### Exercise requirements
In the copy you make, keep each entry exactly as it is and leave out all images.

### Dataset excerpts
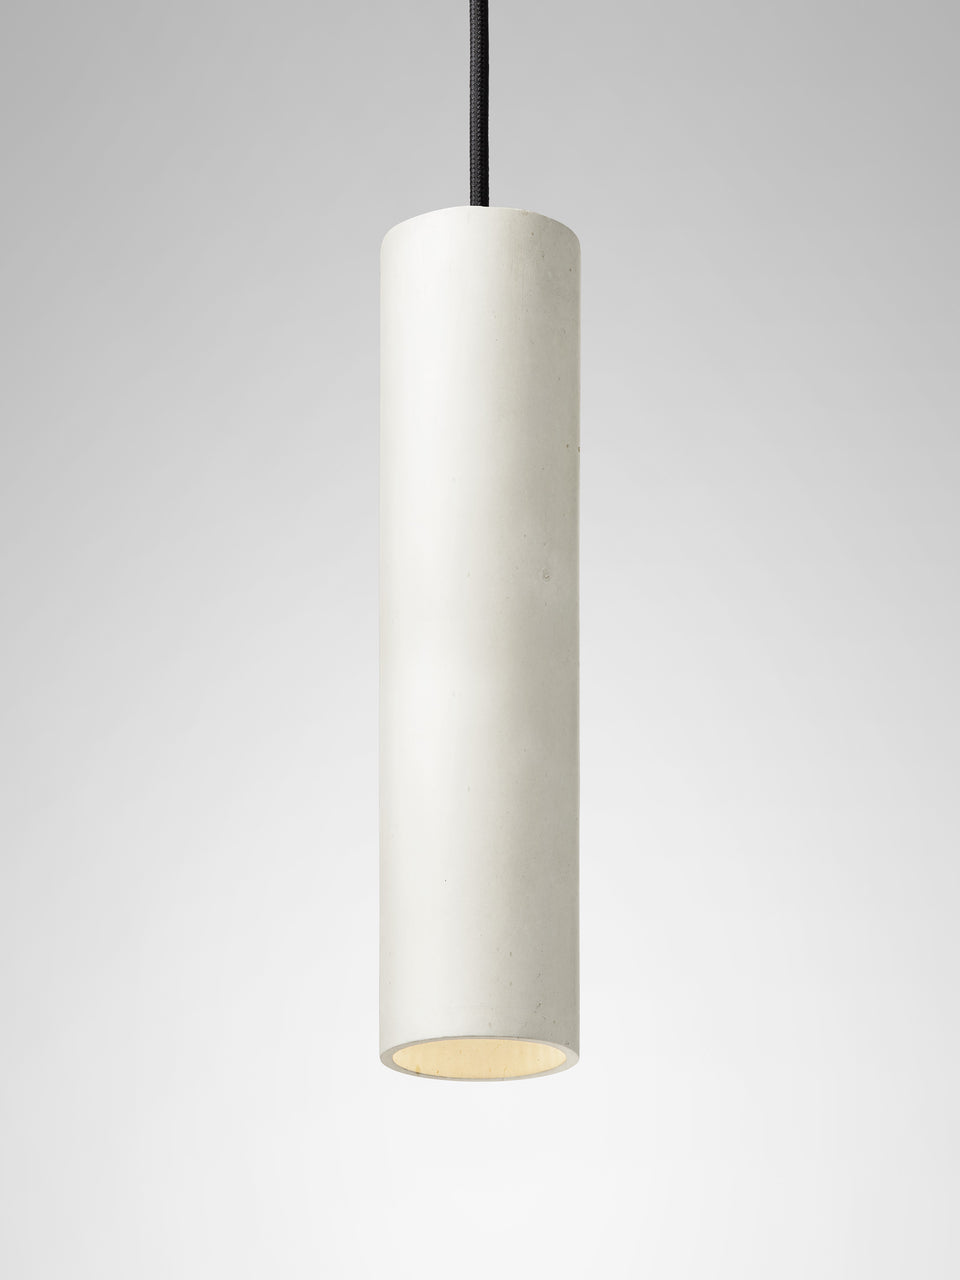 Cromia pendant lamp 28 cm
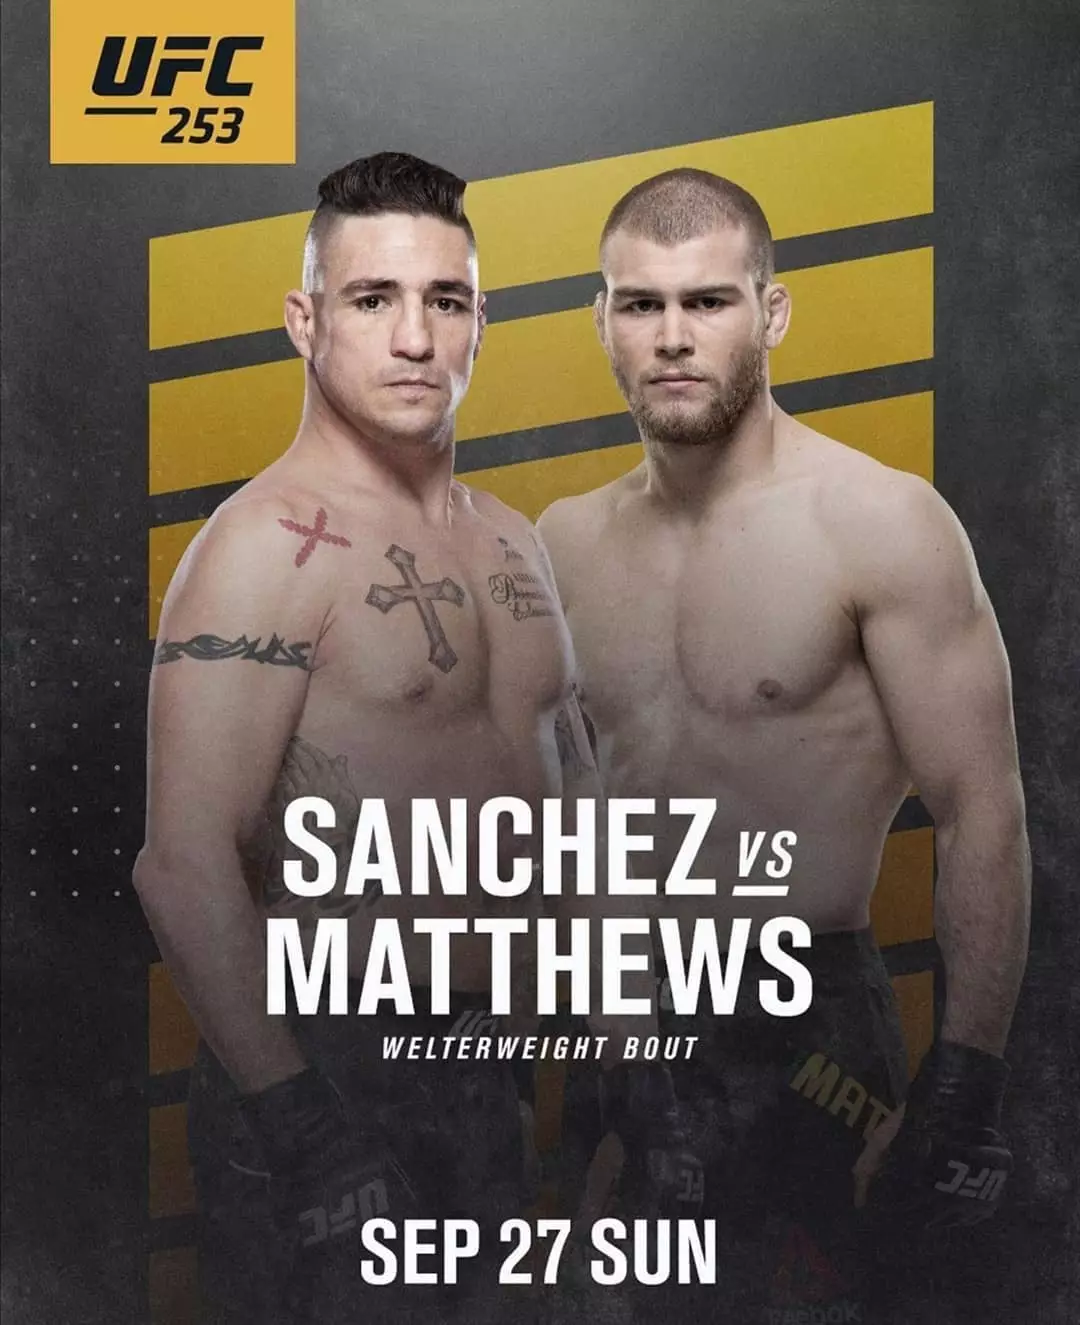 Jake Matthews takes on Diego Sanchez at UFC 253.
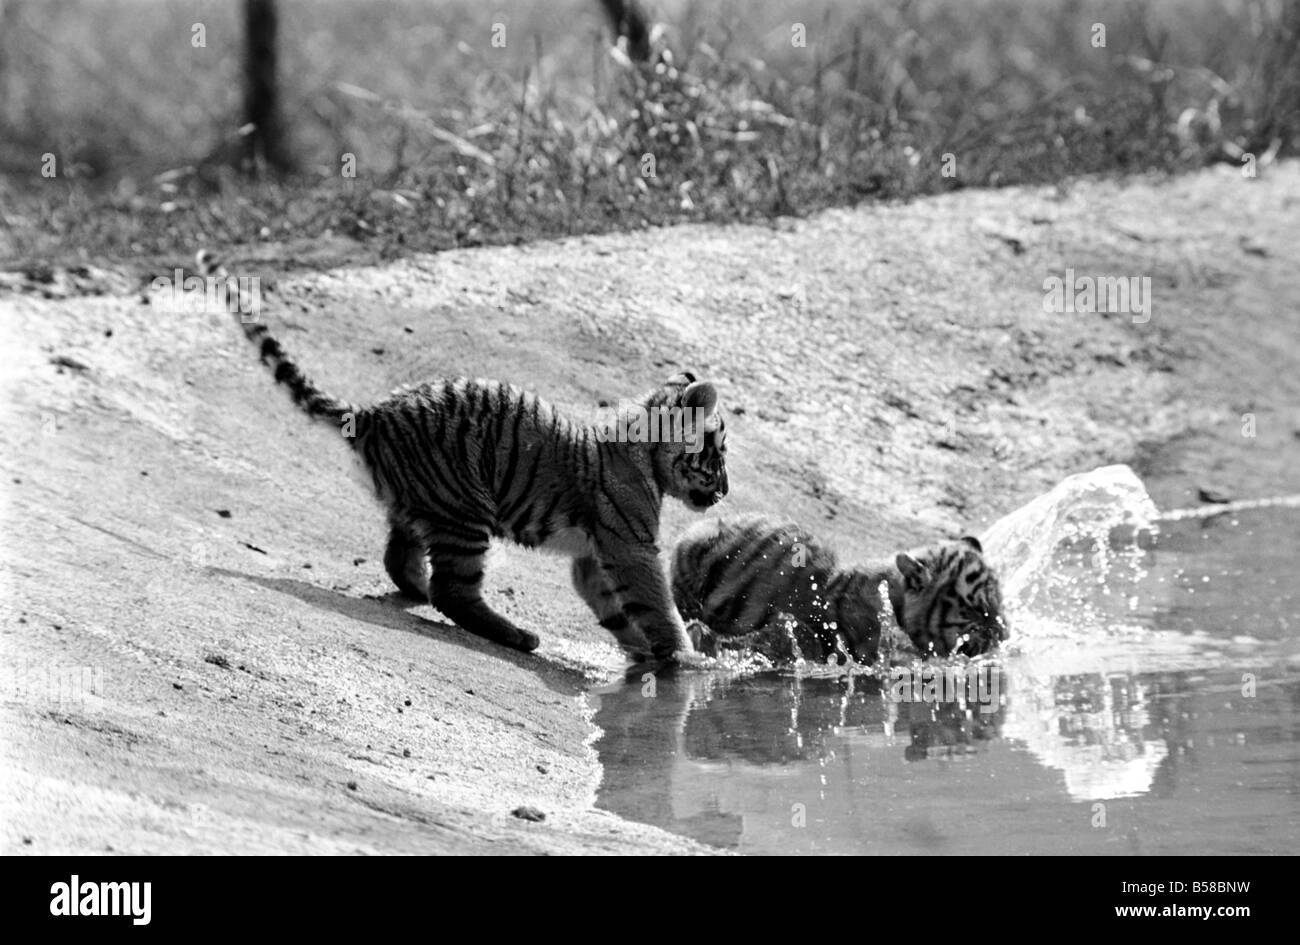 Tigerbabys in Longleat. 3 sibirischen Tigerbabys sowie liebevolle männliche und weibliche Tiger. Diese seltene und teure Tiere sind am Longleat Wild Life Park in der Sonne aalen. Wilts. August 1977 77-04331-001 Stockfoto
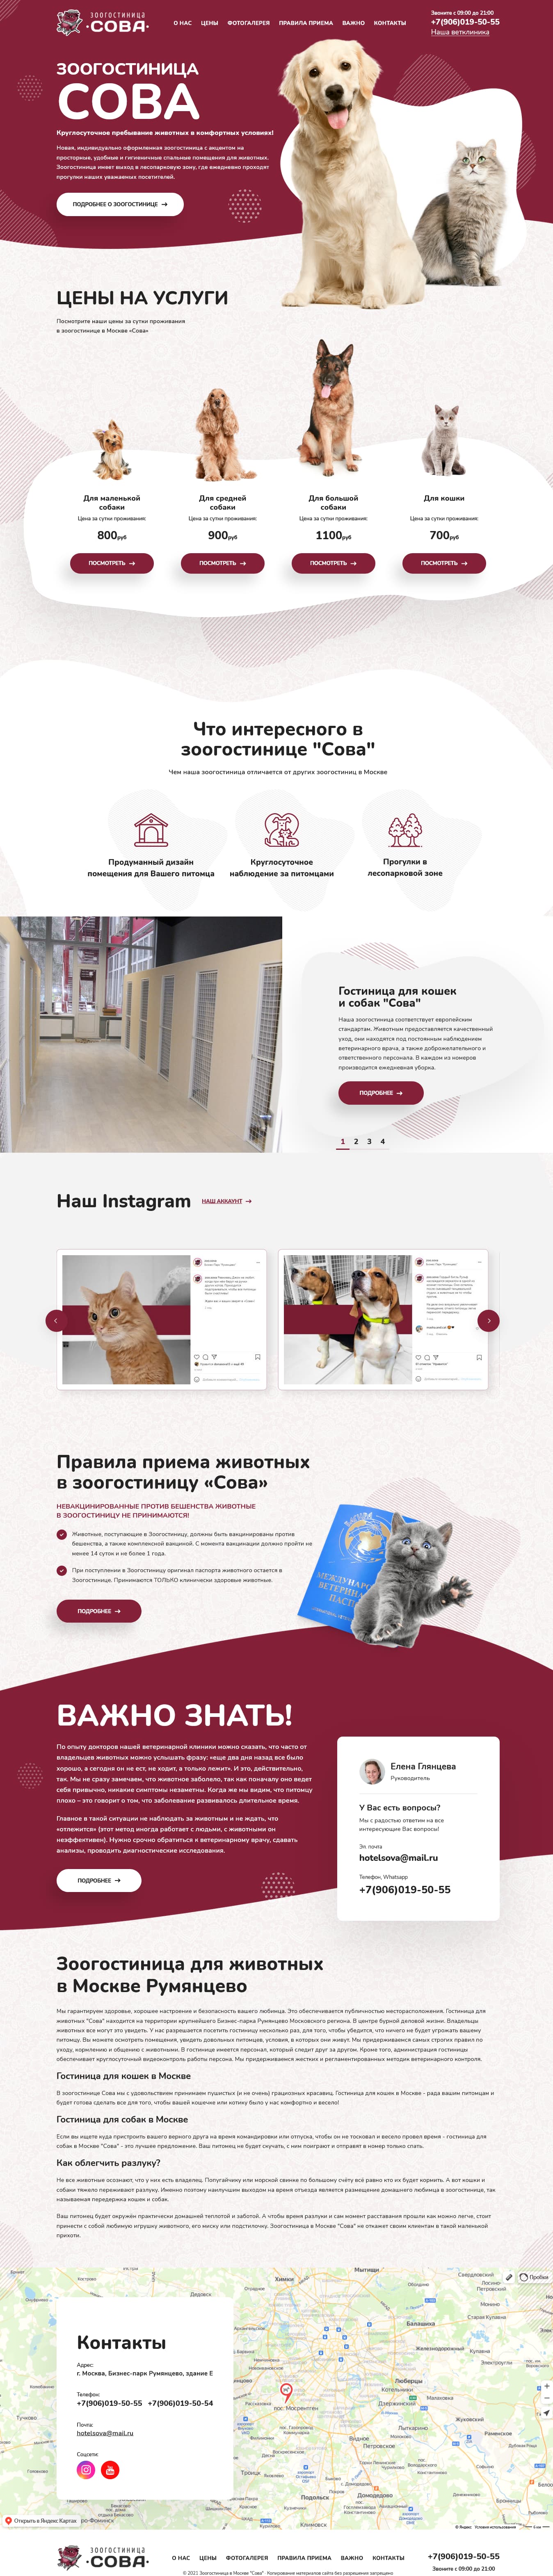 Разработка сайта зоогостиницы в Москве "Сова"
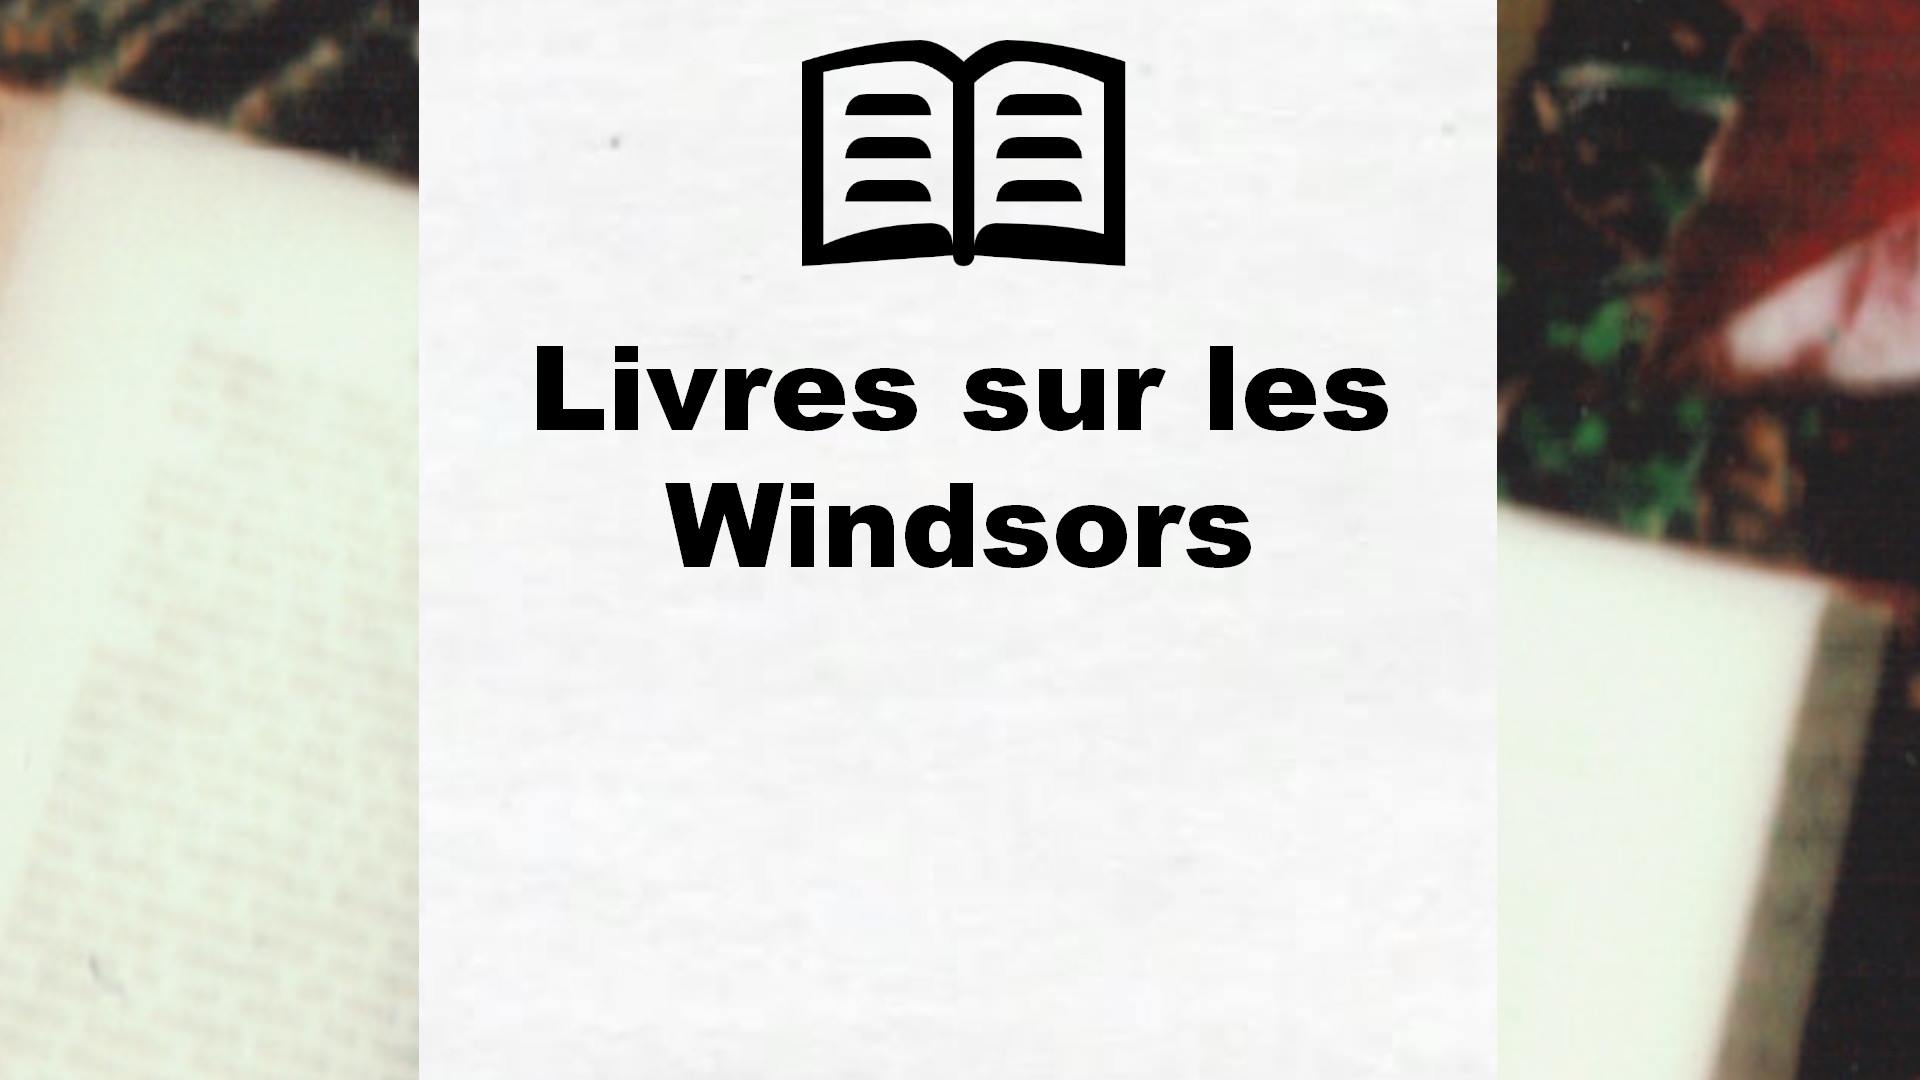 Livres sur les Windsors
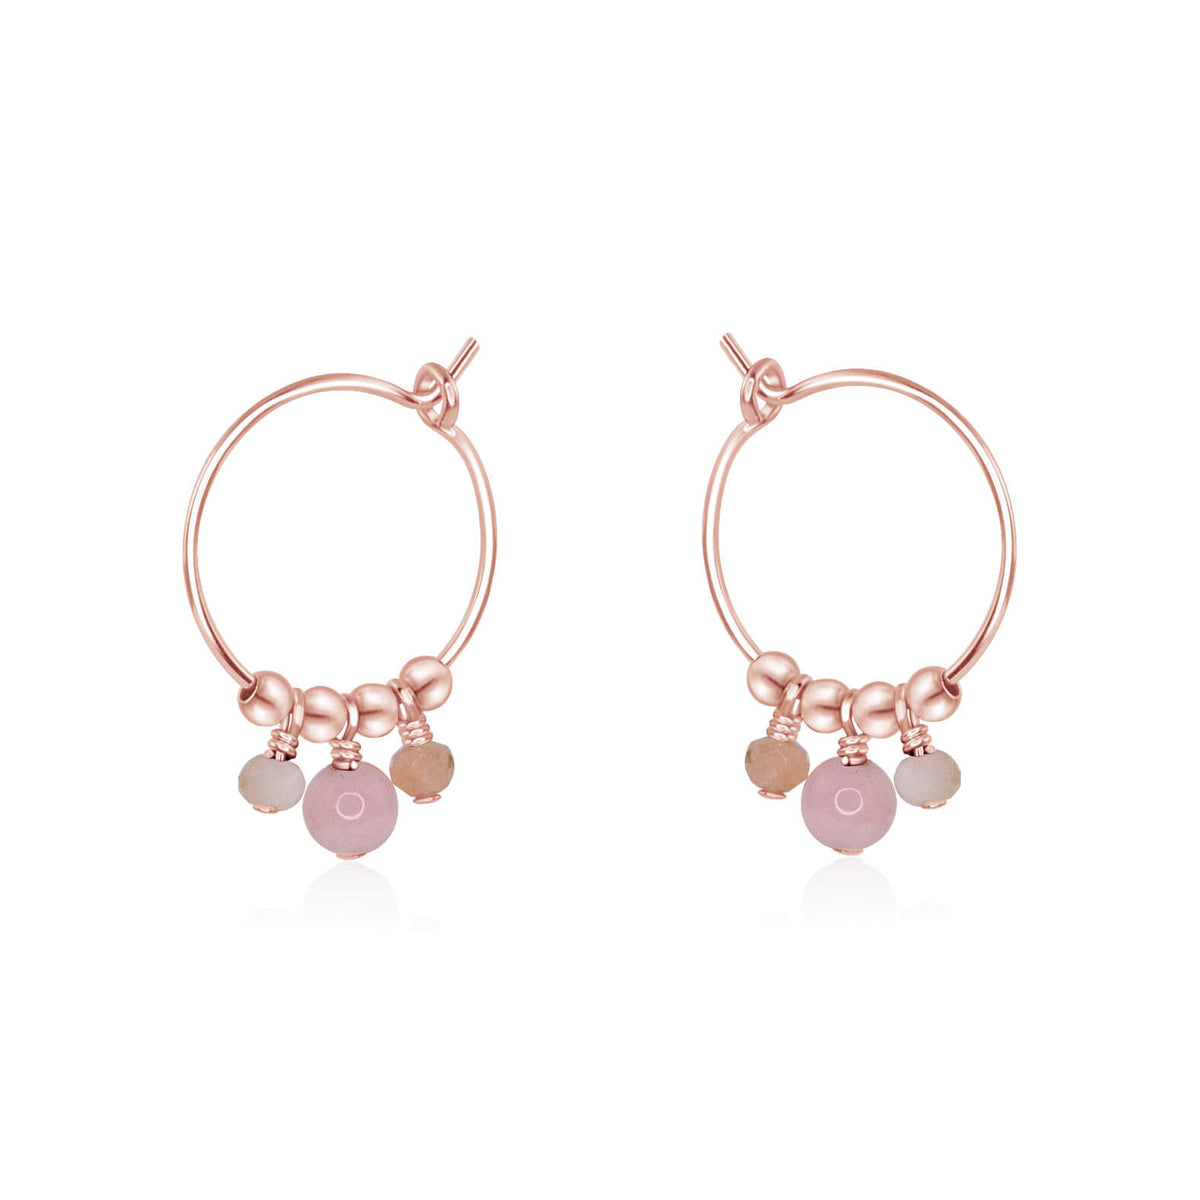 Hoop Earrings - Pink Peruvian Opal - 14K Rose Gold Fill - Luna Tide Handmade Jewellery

### Response
 Cromia pendant lamp 28 cm
 Jake Matthews takes on Diego Sanchez at UFC 253.
 Tigerbabys in Longleat. 3 sibirischen Tigerbabys sowie liebevolle männliche und weibliche Tiger. Diese seltene und teure Tiere sind am Longleat Wild Life Park in der Sonne aalen. Wilts. August 1977 77-04331-001 Stockfoto
 Разработка сайта зоогостиницы в Москве "Сова"
 Livres sur les Windsors
 Hoop Earrings - Pink Peruvian Opal - 14K Rose Gold Fill - Luna Tide Handmade Jewellery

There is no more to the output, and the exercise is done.